Sample Data Processing

The system processes real financial documents included in the sample_data/Q4 Tech earnings-Demo/ directory:

  • Apple_analysis.docx
  • Tesla_analysis.docx
  • Microsoft_analysis.docx
  • Meta_analysis.docx
  • NVIDIA_analysis.docx

Expected System Response

When you ask “What are the biggest challenges facing tech companies?”, the system:

  1. Agent Reasoning: Decides to use the vector_search tool
  2. Tool Execution: Searches through document embeddings
  3. Result Processing: Finds relevant content from multiple reports
  4. Response Generation: Synthesizes a comprehensive answer

Sample Response:

---FINAL ANSWER---
The biggest challenges facing tech companies include:

1. **Shifting Preferences for Western Technology**: Companies like Apple 
face challenges related to changing consumer preferences, particularly 
in global markets.

2. **Complex Tech Stack Issues**: Companies such as Microsoft encounter 
challenges across every layer of their technology stack, impacting 
their operational efficiency and capacity for innovation.

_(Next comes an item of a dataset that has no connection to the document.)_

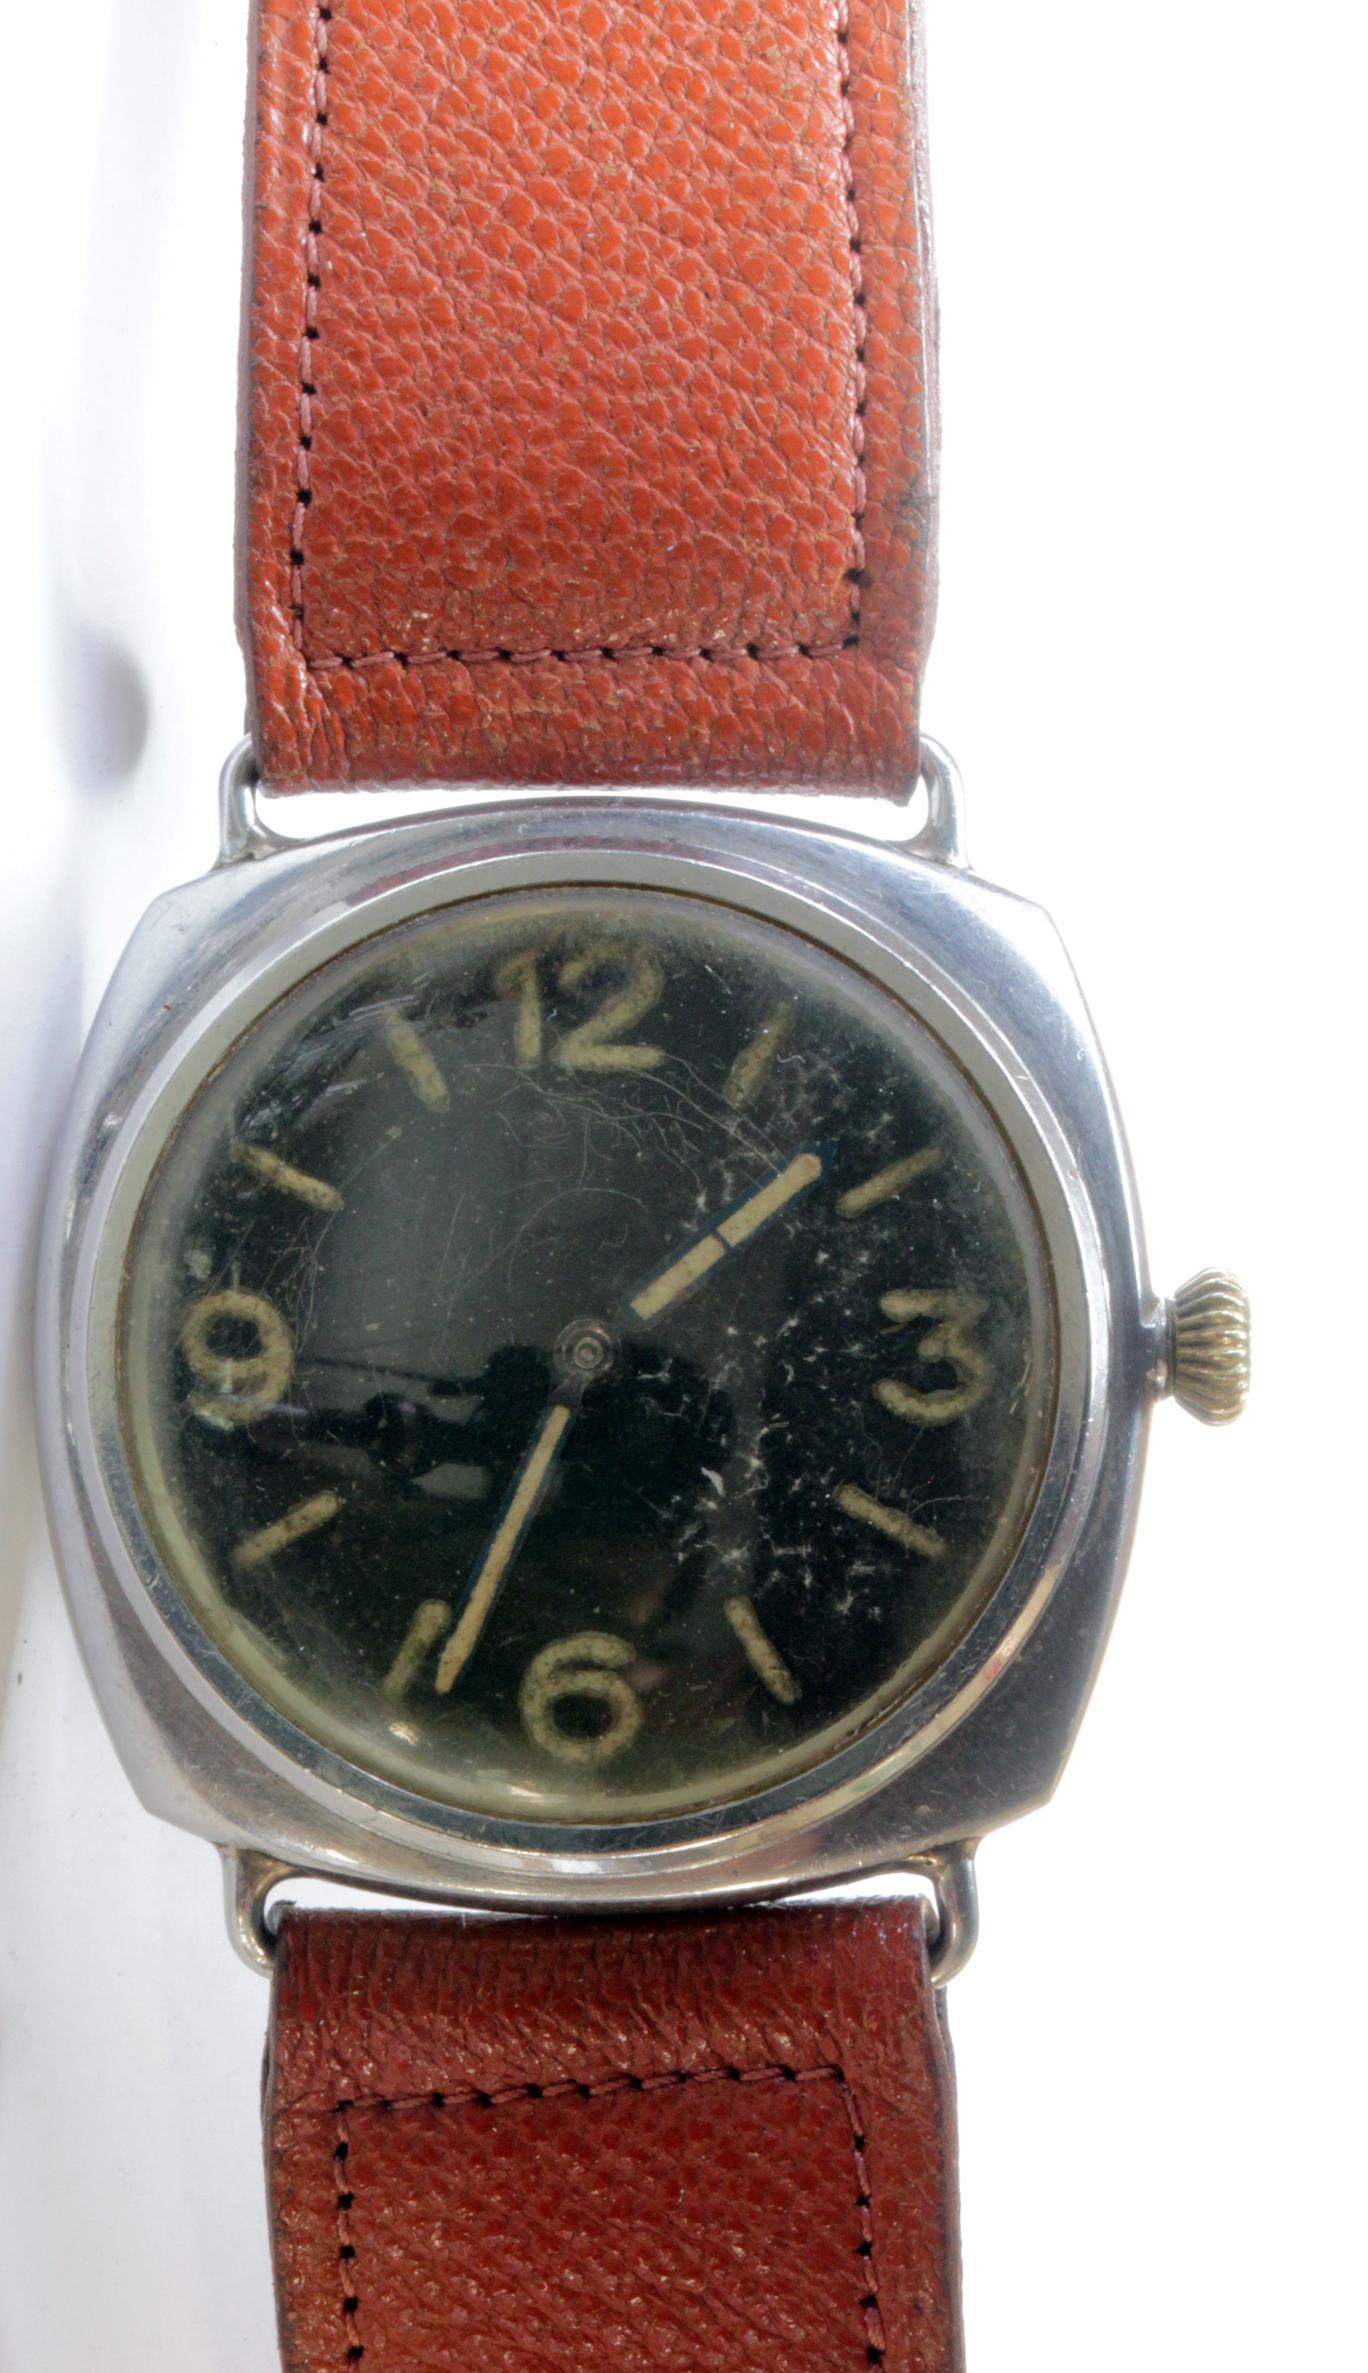 Lot 307 - WWII German Panerai Frogmens military wristwatch (Model 3646), with Rolex 17 Rubis movement, black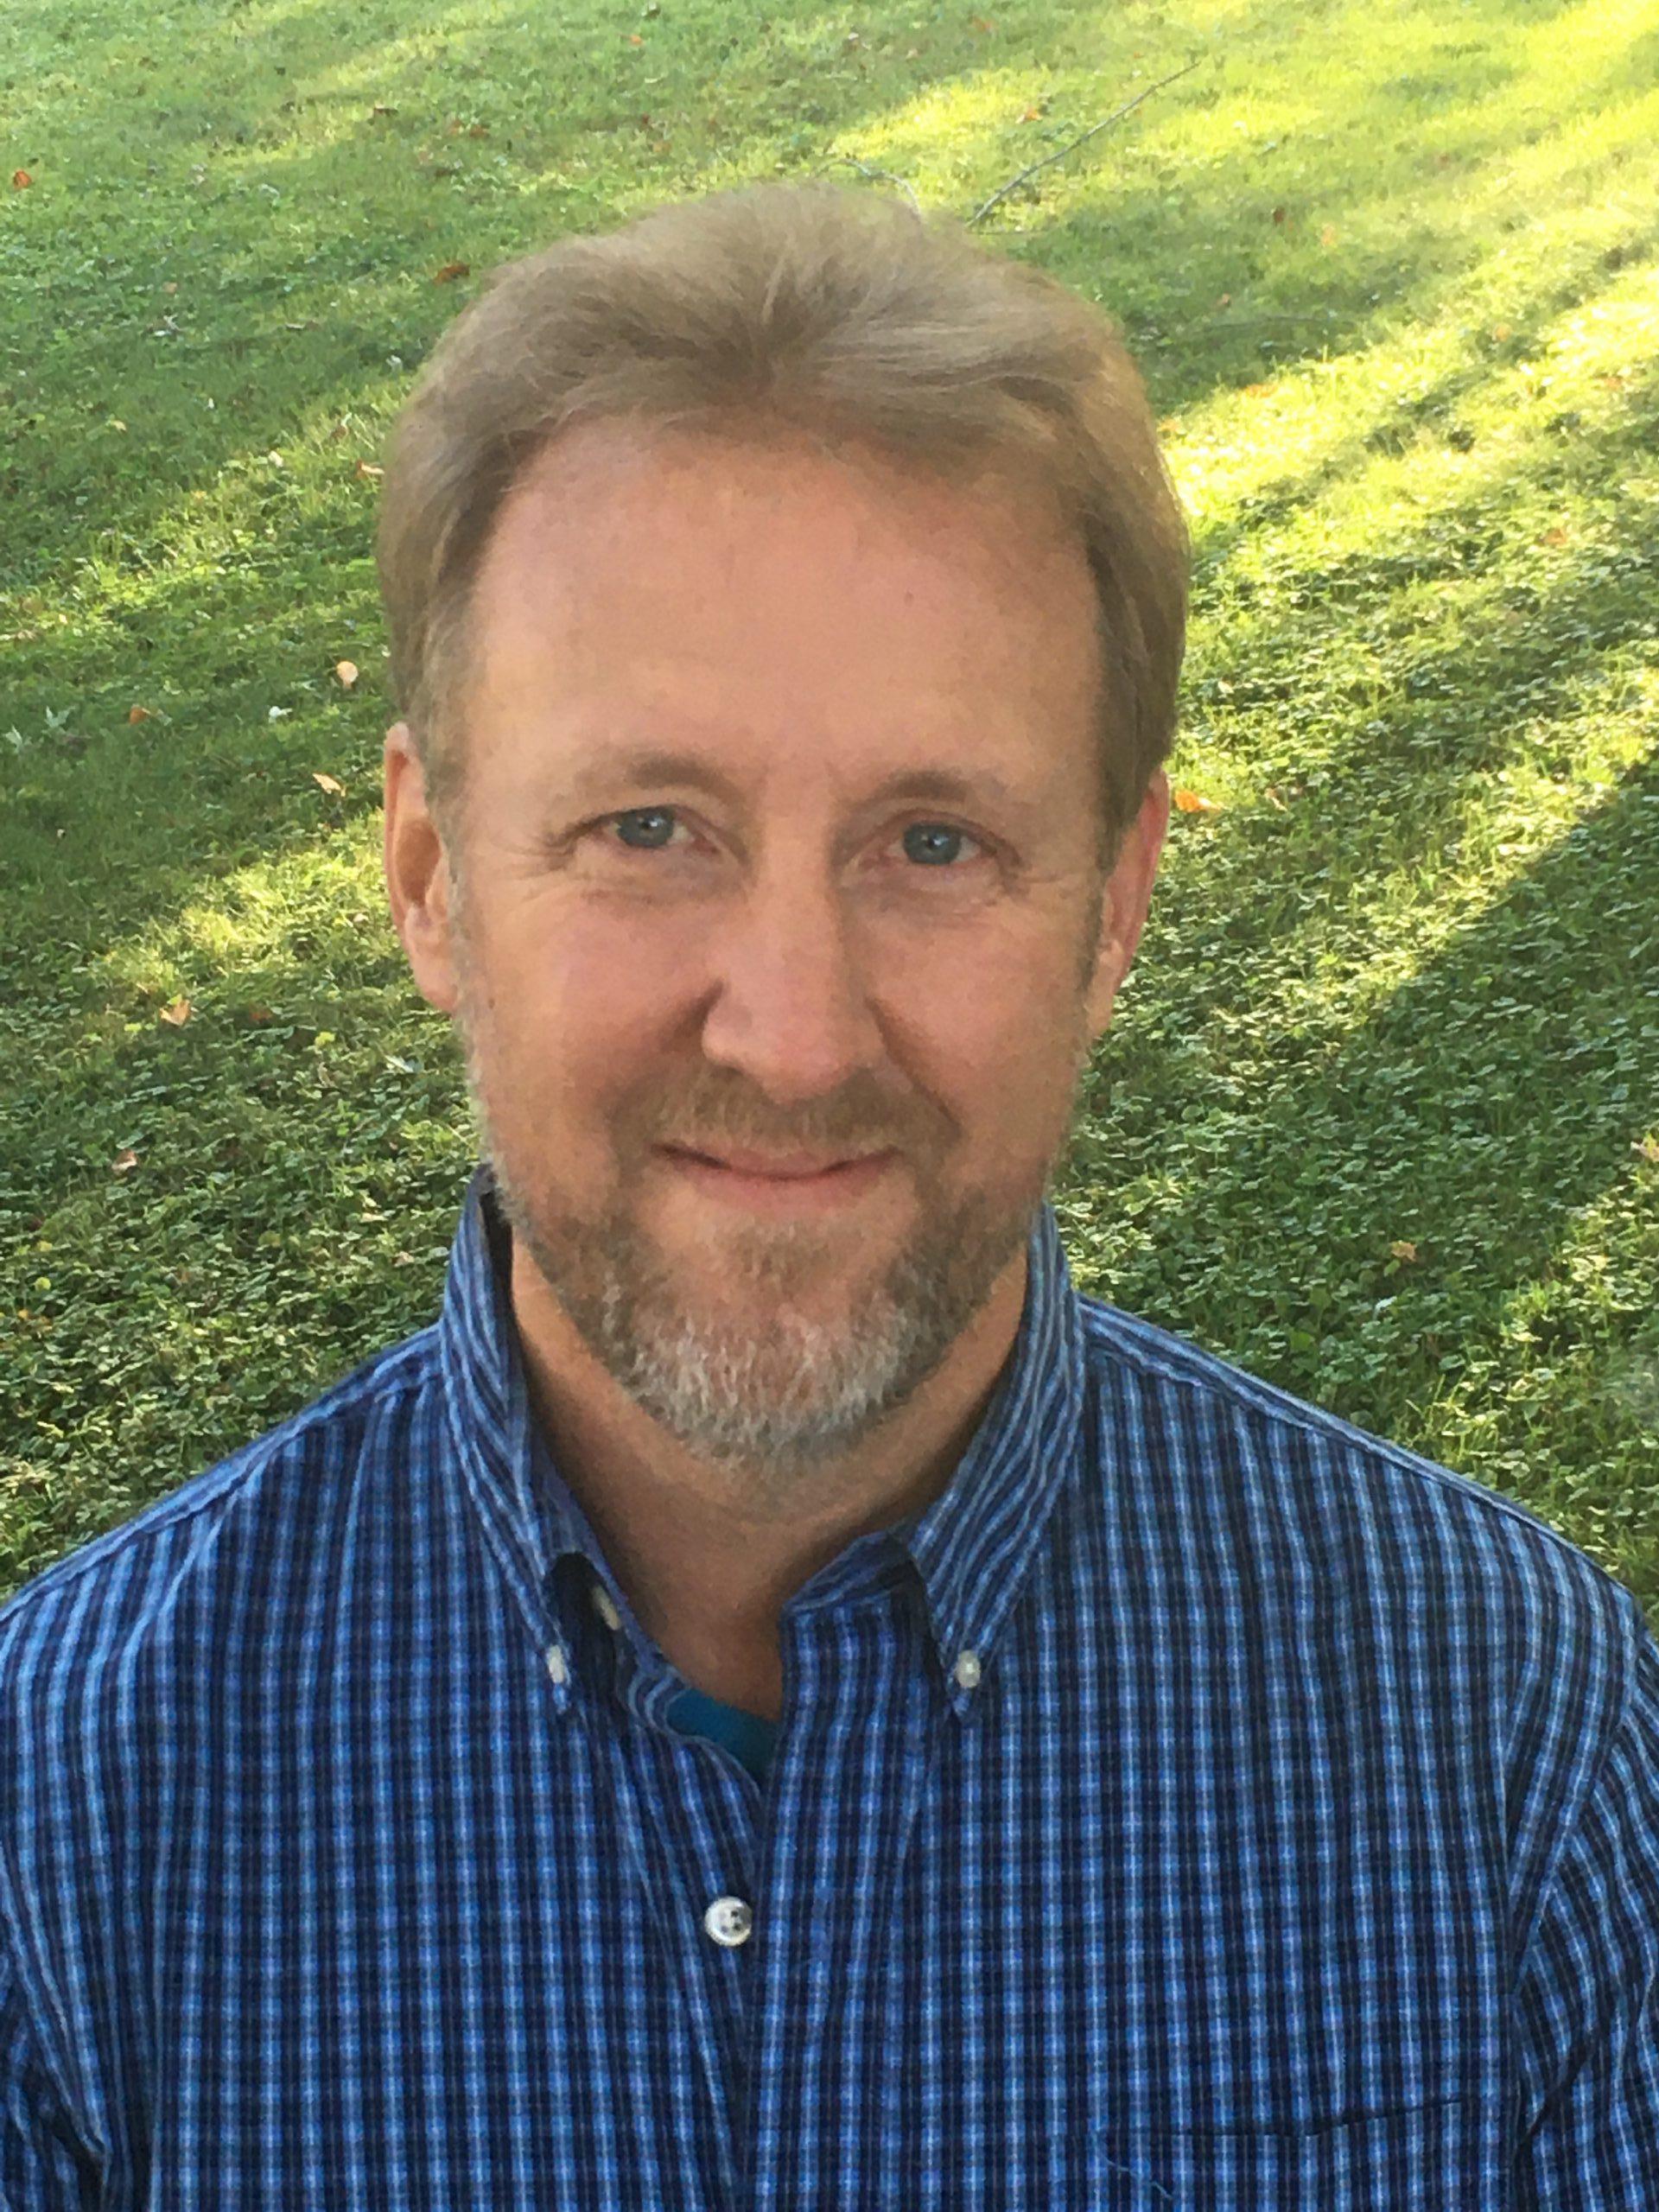 Eric Resler, M.Div, Psychotherapist Intern

3. **Scalability and Cost Efficiency for Inference at Scale**: NVIDIA 
and similar companies face challenges in providing the necessary 
throughput and maintaining cost efficiency to handle the increasing 
complexity of large-scale AI and data processing.

These challenges highlight the constantly evolving nature of the tech 
industry, requiring continuous adaptation and innovation to maintain 
competitiveness and growth.

---FINAL ANSWER---
Earnings reports from Microsoft include comments from Brett Iversen, 
who is the Vice President of Investor Relations.

Conclusion: Your enterprise AI journey

Imagine what you could do by enhancing this with other datasources, structured or not. You would have a complete view of any area from the company.

This system demonstrates how modern AI can transform enterprise document management from a storage problem into an intelligence asset. Your documents are no longer just files — they’re a queryable knowledge base that can provide insights, answer questions, and support decision-making.

Remember: the key to successful enterprise AI isn’t just the technology — it’s understanding how to combine these tools to solve real business problems while maintaining security, scalability, and user trust.